What the task asks: What is needed is an exact copy of the listing, with no pictures in it.
*** Opening of Information shown ***
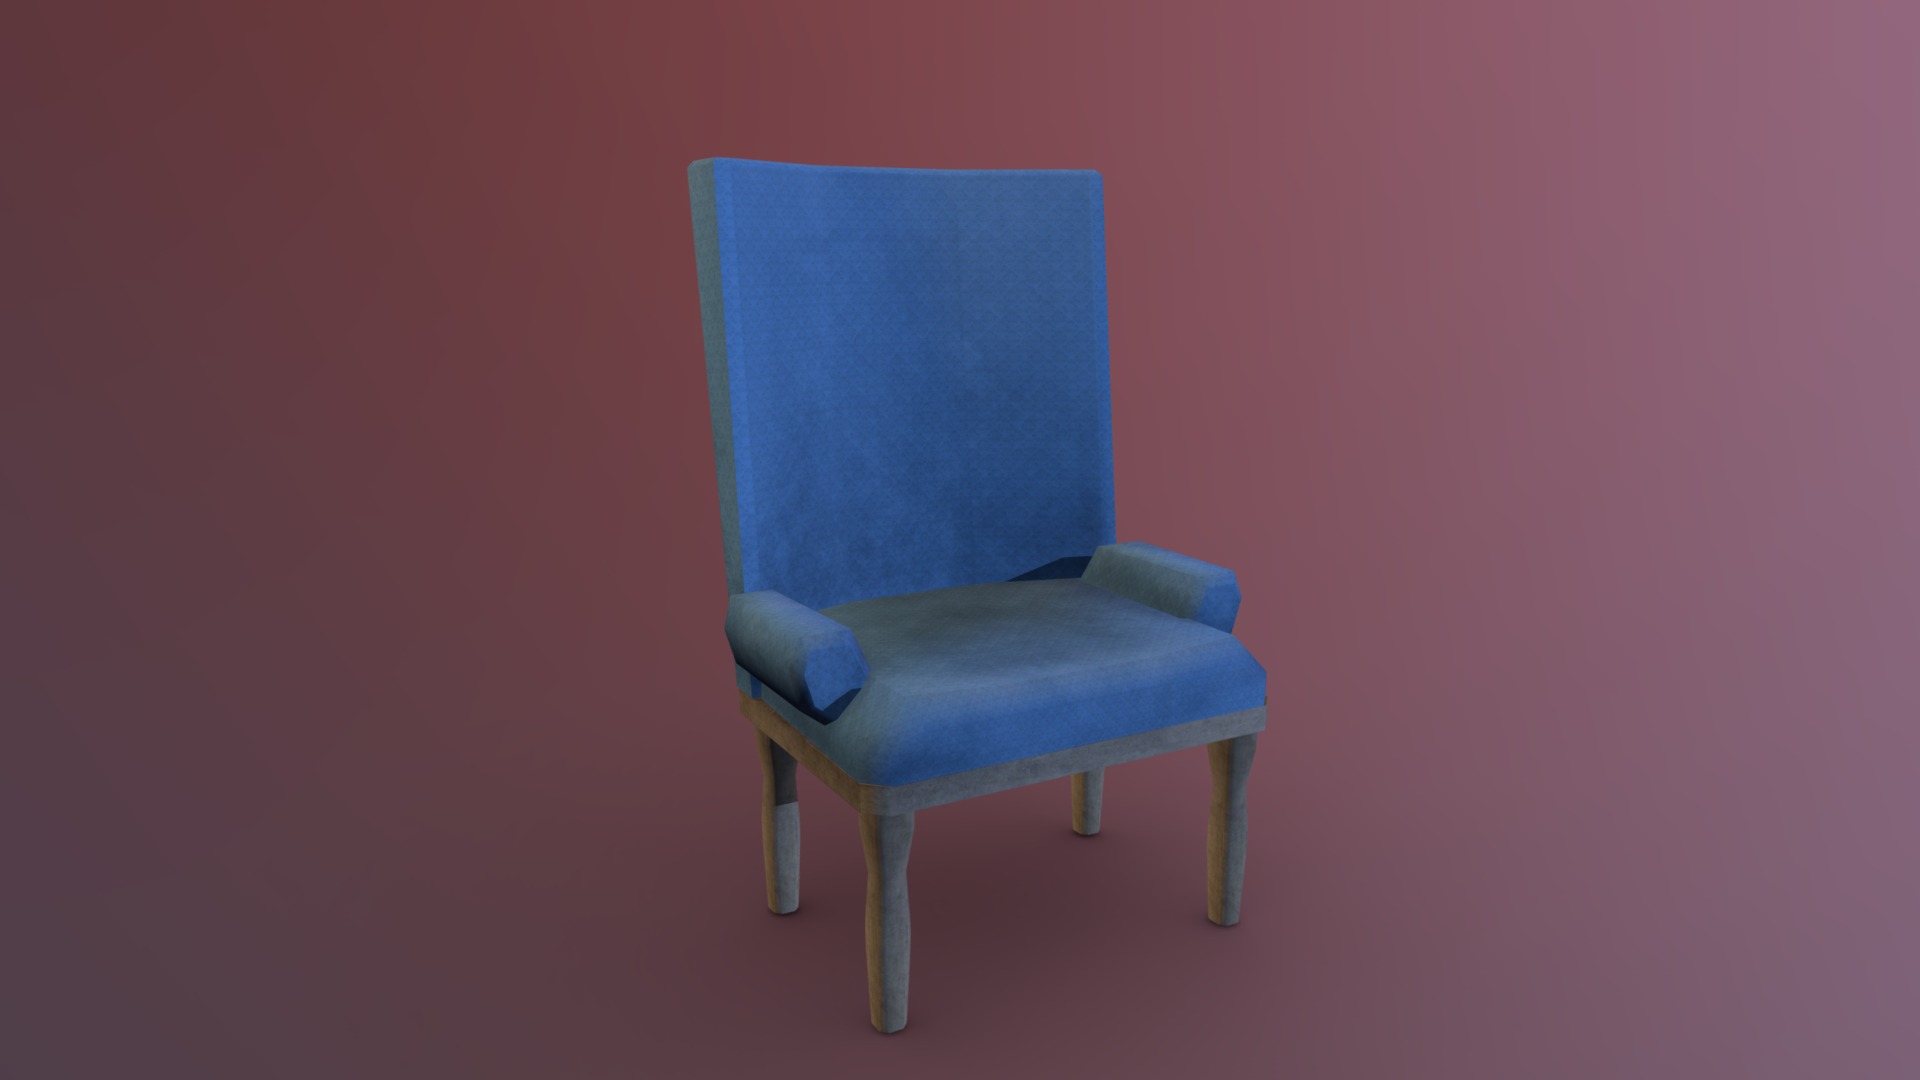 3D model Vintage Armchair - This is a 3D model of the Vintage Armchair. The 3D model is about a blue chair against a pink background.
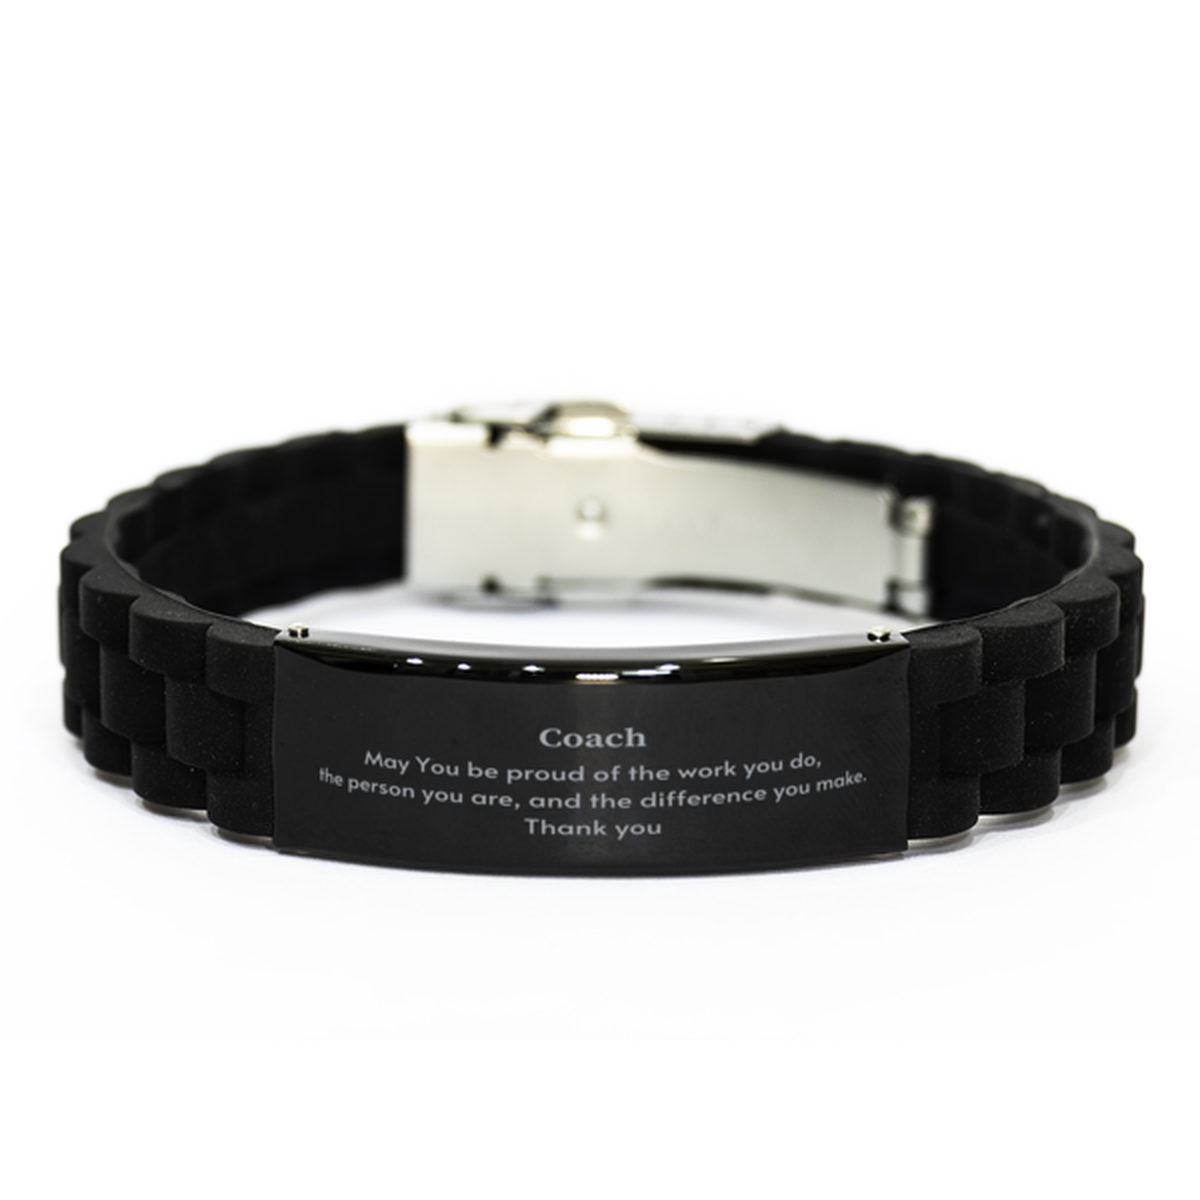 Heartwarming Black Glidelock Clasp Bracelet Retirement Coworkers Gifts for Coach, Coach May You be proud of the work you do, the person you are Gifts for Boss Men Women Friends
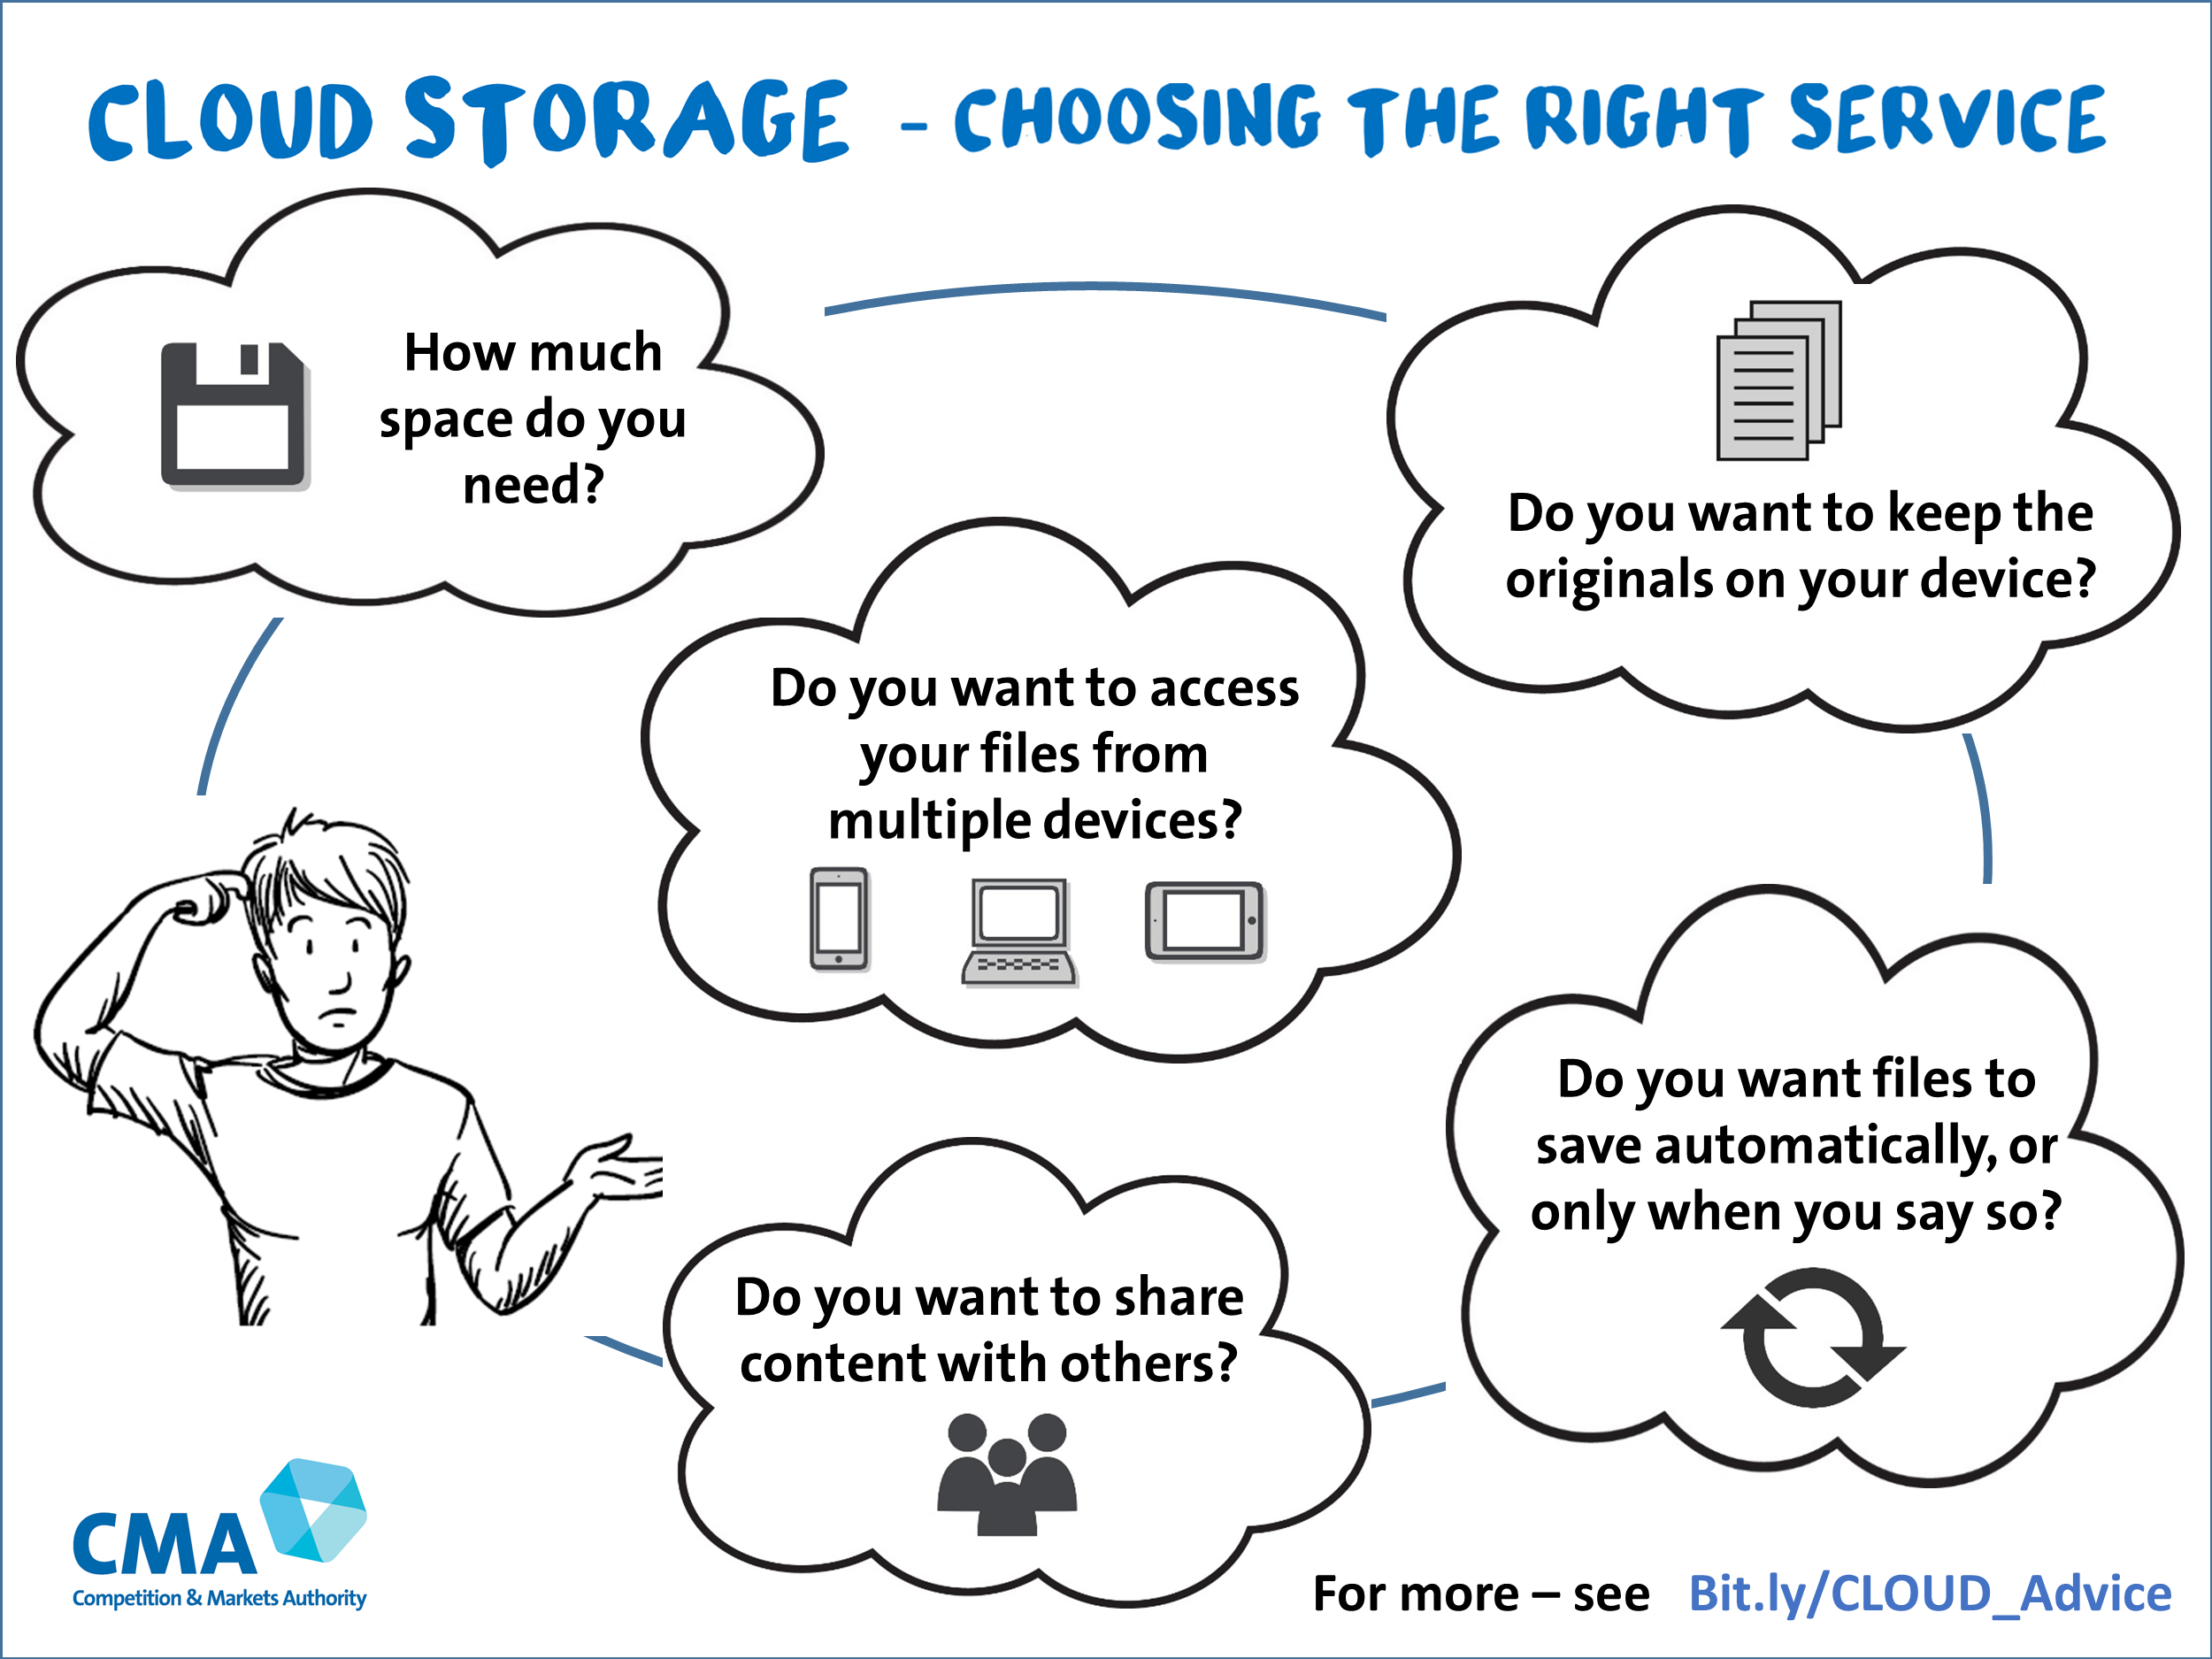 Cloud storage - the right service
*** Close of Information shown ***
Exercise output:
 3D model Vintage Armchair - This is a 3D model of the Vintage Armchair. The 3D model is about a blue chair against a pink background.
 Heartwarming Black Glidelock Clasp Bracelet Retirement Coworkers Gifts for Coach, Coach May You be proud of the work you do, the person you are Gifts for Boss Men Women Friends
 Cloud storage - the right service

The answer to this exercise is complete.